О как мне хотелось в эту минуту быть на месте Матильды, чувствовать то, что чувствовала сейчас она! Почему во мне ничего, кроме опустошенности, не осталось? Не осталось даже никаких желаний! Может, все дело в том, что мое тело придавливает Матильду к земле, и она, Матильда, ощущает это как двойное давление – и со стороны Земли, Вечно Плодоносящей Женщины, тоже? Может, она, Матильда, сейчас ощущает себя частью Земли, частью Вселенной, частью Вечной Женщины, и все оплодотворения, все роды, какие были и творятся в эти минуты на этой Земле, своей страстью, блаженством и муками передаются ей, и поэтому так трепещут ее, матильдины, ноздри, ресницы и губы?
Полжизни за то, чтобы на несколько минут стать женщиной!
Комочек земли под моим локтем проник, кажется, до кости. Я чуть шевельнул рукой, меняя ее положение, и Матильда открыла глаза, глянула на меня еще из своего далека, потом на небо, на качающиеся над нами метелки кукурузы, и снова на меня – и тихонько засмеялась. В этом смехе мне почудилось сожаление об ушедших мгновениях, жалость ко мне, не ведающему о чем-то таком, что ведомо ей.
И облегчение. Вот она вскинула руки, обхватила ими мою шею, вдавилась в меня, изогнувшись всем телом, снова раскинула руки и… и окончательно вернулась на землю.
Я сел и кое-как привел себя в порядок: я стеснялся своей наготы, хотя уродом меня не назовешь. Матильду же ее нагота ничуть не смущала. Не смущало ее и то, что я рассматриваю ее так бесцеремонно. Похоже, ей это даже доставляло удовольствие. Она провела ладонями от груди до бедер, словно снимая с себя остатки невидимых одежд, и призакрыла глаза, но я видел, что она сквозь ресницы следит за выражением моего лица. Уж и не знаю, каким было это выражение, но я откровенно любовался ее телом, где-то успевшим загореть от пальцев ног до волос на голове, и даже груди ее, вызывающе торчащие в разные стороны, тоже были покрыты густым загаром.
Легкий ветерок раскачивает метелки кукурузы над нашими головами, о чем-то шепчут длинные жесткие листья, причудливые тени скользят по голому телу Матильды, и кажется, что тело ее вот-вот воспарит над землею, поднимется над зарослями и, окутанное солнцем, исчезнет в прозрачной глубине неба. Иногда вдруг солнечный зайчик ляжет ей на живот, высветив золотистый пушок, качнется туда-сюда, замрет на груди и пропадет, и снова лишь тени обшаривают ее тело, открытое и ветру, и солнцу, и моему взору, и такое доступное-доступное, что захватывает дух.

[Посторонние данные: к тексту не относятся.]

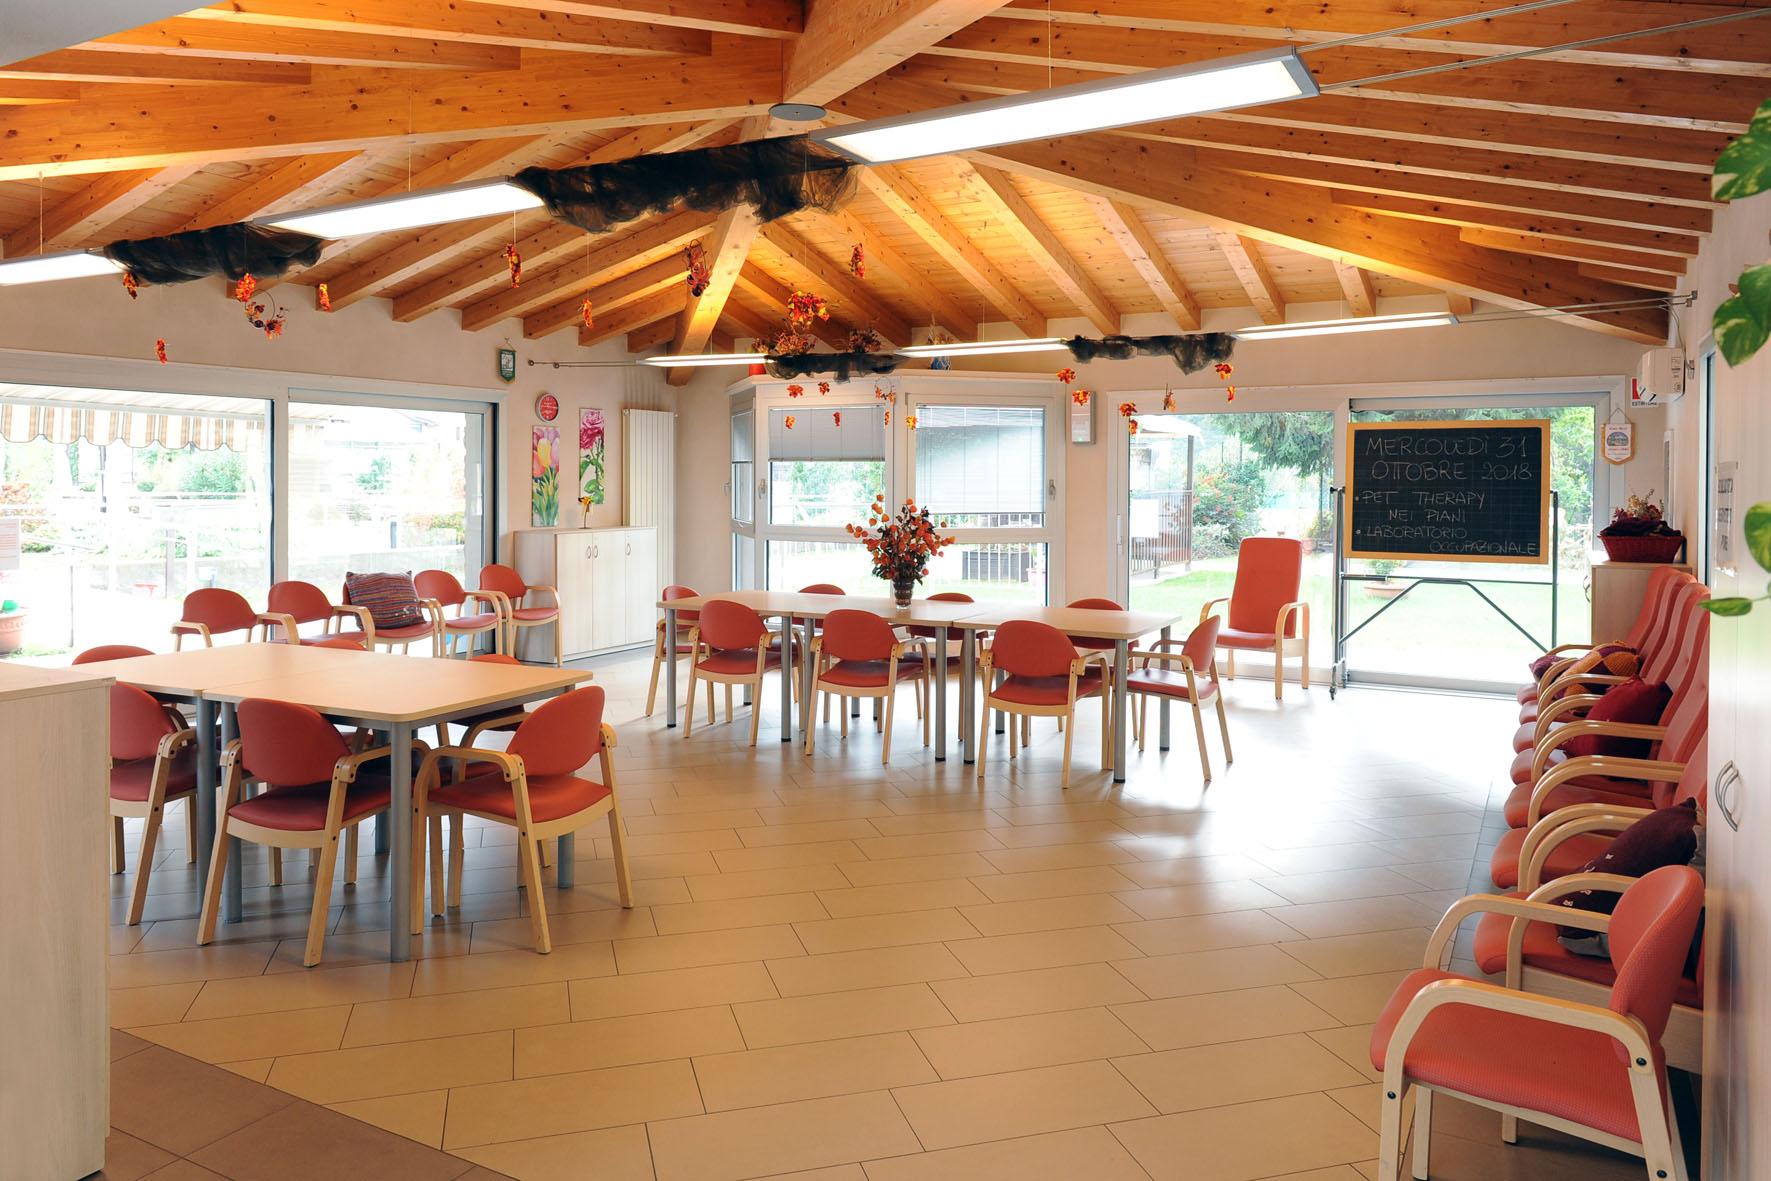 fondazione ninj Beccagutti CDI centro diurno integrato (2)

Постепенно новое желание овладевает мной – я склоняюсь над Матильдой и начинаю покрывать ее тело поцелуями, переходя от колен к атласным бедрам, от них – к впалому животу, все выше и выше, хмелея от запахов ее, от прикосновений. Вот я добираюсь до ее небольших, но упругих грудей, до розовых сосков, вокруг которых растет по нескольку черных волосков. Соски твердеют от прикосновения моих губ, а тело Матильды напрягается, когда я провожу по ним языком, сжимаю их губами. В это же время где-то внутри Матильды рождается ответное волнение, которое трепетом тела передается мне, сводя окончательно с ума… А я все еще не могу оторваться от ее груди, доводя себя до исступления, когда со дна моего существа вдруг начинает подниматься что-то звериное, что-то с красными глазами, клыкастое и безъязыкое…
Матильда, приподняв голову, смотрела, как я целую ее груди, и кажется, ревновала меня к ним. А руки ее то замирали на моих плечах, то трепетно скользили по спине, то сжимали мою голову, зарываясь в волосы…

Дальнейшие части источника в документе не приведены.